Wednesday, November 02, 2016

The OAS and Venezuela

I've written a lot about how Latin America has remained very hands-off with regard to Venezuela, which in my opinion has exacerbated the crisis. One vocal president has been Peru's Pedro Pablo Kuczynski, who has called for invoking the OAS' Democratic Charter. In return, Venezuela's Foreign Minister argues that he is a tool.
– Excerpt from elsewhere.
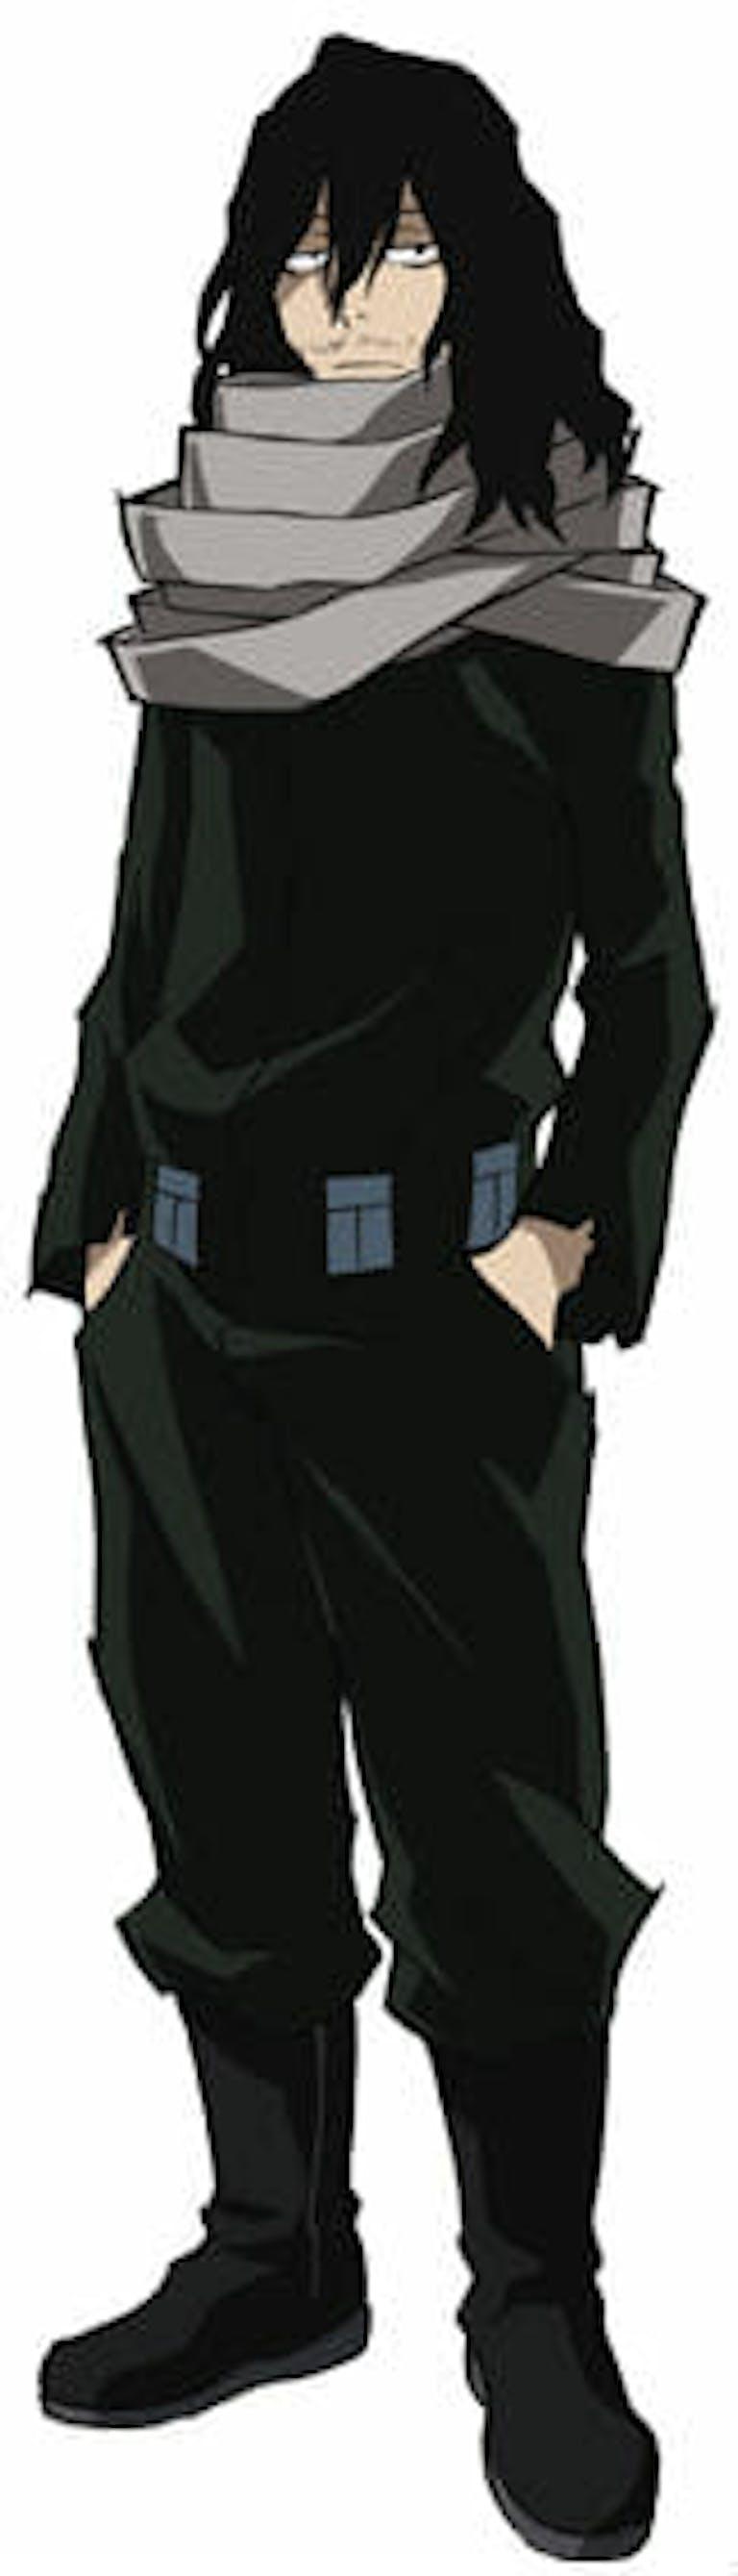 my hero academia characters : eraserhead

In an official response to the statements last Sunday, the Venezuelan Foreign Ministry accused its Peruvian counterpart of “obeying the interventionist rulebook of Washington to justify intervention in Venezuela, in concert with opposition groups”.   
The communique also stated that Rodriguez had demanded respect from Kuczynski during the summit’s closed door lunch, while reminding “the Peruvian government that mutual respect, sovereign equality amongst states and non-intervention in the internal matters of another state… are some of the cardinal principles of international law”. 
As always with Venezuela, there is a contradiction between one function of the OAS--protecting and promoting democracy--and "non-intervention." For Venezuela, recognizing there is a dire crisis is intervention, and certainly calling for multilateral solutions is as well. Too many Latin American leaders are too intimidated to do anything.

Latin American dithering, however, has prolonged the crisis. Non-intervention now means watching countries fall apart while you stand around. Or dance, as the case might be.


shah8 1:09 AM  

I would argue that non-intervention is a specific, if unstated policy because none want to legitimate any potential "intervention" against themselves.
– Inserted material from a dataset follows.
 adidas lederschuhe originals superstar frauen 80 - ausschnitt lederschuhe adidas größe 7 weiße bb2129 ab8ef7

And frankly (tho' I know I repeat myself), there is nothing anyone *can* do for Venezuela as far as the current suffering is concerned, and pushing a color revolution won't actually make things better for the people. Convincing the regime to make what sensible changes they can be got to do is the right behavior. Cornering the regime with a constant stream of delegitimazation rhetoric does nothing but encourage them to break the machinery of elections and governments (because they don't think "fair" is possible) and democracy in general.
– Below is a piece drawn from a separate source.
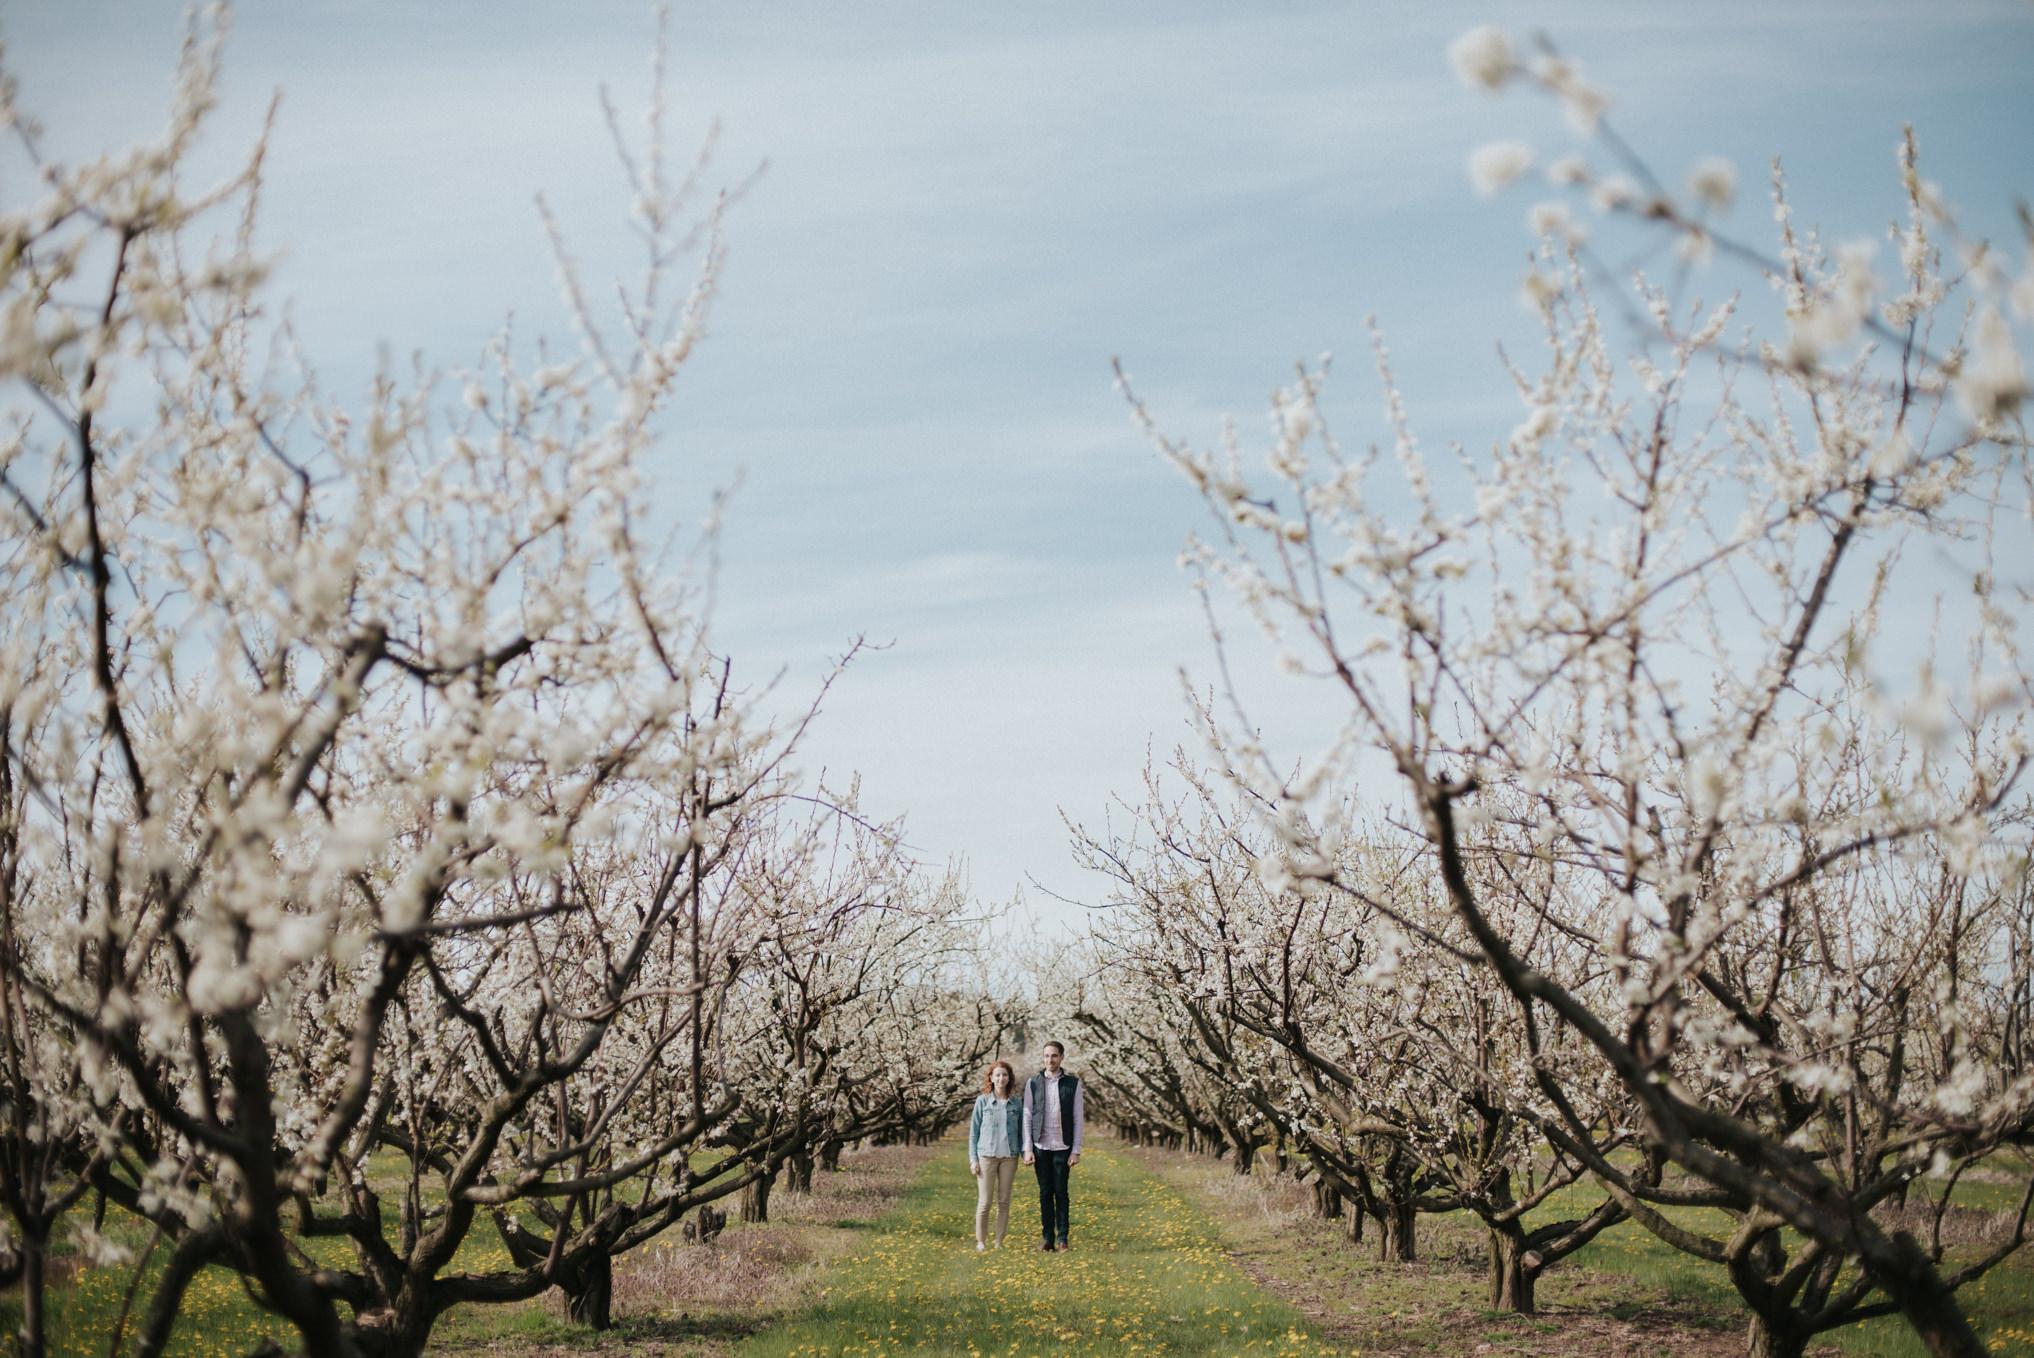 Spring bloom orchard engagement shoot by Daring Wanderer // www.daringwanderer.com

More than this, this focus on Venezuela is, frankly speaking, dangerous. They are simply one of the more poorly managed country in a world context of a renewed Third World Debt crisis. There will be more countries in extreme crisis (well, Central Asia is almost there, now) and that noise will eventually to seize attention in a way Venezuela won't. And agit prop will not suffice as a policy. Peru has no leverage on Venezuela, and I doubt the current president will be anything more than a lame duck for very long, anyways. What counts are the actual resources you're willing to put to a resolution. Actual agreements among the parties that have power.